The regulator announced today that it had pursued NSG over an alleged breach of the best interests obligations of the Corporations Act introduced under the FoFA reforms.

According to ASIC, the matter related to financial advice provided by NSG advisers on eight specific occasions between July 2013 and August 2015.

It said that on these occasions, clients were sold insurance and/or advised to rollover superannuation accounts that committed them to costly, unsuitable, and unnecessary financial arrangements.

The ASIC announcement said NSG had consented to the making of declarations against it and after a hearing on 30 March 2017 the Court was satisfied that declarations ought to be made. 

The Court found that NSG’s representatives:

  • breached s 961B of the Corporations Act by failing to take reasonable steps to ensure that they provided advice that complied with the best interests obligations; and
  • breached s 961G of the Corporations Act by failing to take reasonable steps to ensure that they provided advice that was appropriate to its clients.

Those breaches amounted to a contravention by NSG of s 961L of the Corporations Act, which provides that a financial services licensee must ensure its representatives are compliant with the above sections of the Act.

The Court made the declarations based on the following deficiencies in NSG's processes and procedures:

  • NSG’s new client advice process was insufficient to ensure that all necessary information was obtained from, and given to, the client;
  • NSG’s training on legal and regulatory obligations was insufficient to ensure clients received advice which was in their best interests;
  • NSG did not routinely monitor its representatives nor identify deficiencies in the knowledge or skills of individual representatives;
  • NSG did not conduct regular or substantive performance reviews of its representatives;
  • NSG’s compliance policies were inadequate, and did not address its representatives’ legal or regulatory duties, and in any event, were not followed or enforced by NSG;
  • there was an absence of  regular internal audits, and the external audits conducted identified issues which were not adequately addressed nor recommended changes implemented; and
  • NSG had a “commission only” remuneration model, which meant that representatives would only be compensated by way of commission for sales of life insurance products and superannuation rollovers.

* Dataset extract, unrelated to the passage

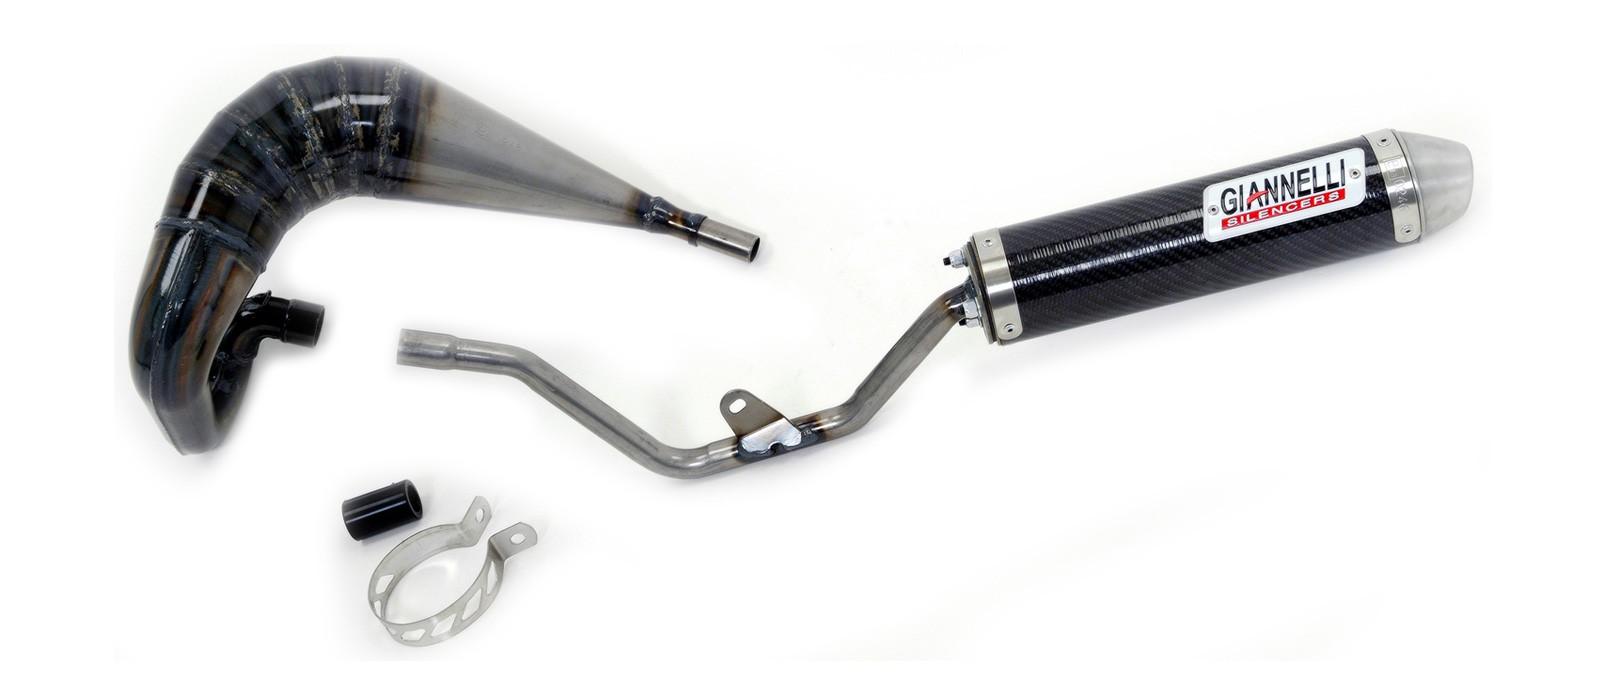 ESCAPES GIANNELLI UNIVERSALES - Silenciador aluminio enduro/cross 2T HM CRE 50 Baja Giannelli 34693HF -

Commenting on the outcome, ASIC deputy chairman, Peter Kell said it represented the first of its kind and would serve to provide guidance to the industry about what is required of licensees to ensure representatives comply with their obligations to act in the best interests of clients and provide advice that is appropriate".

ASIC has sought orders that NSG pay pecuniary penalties in relation to the declarations made. A date for the hearing on penalty will be fixed by the Court.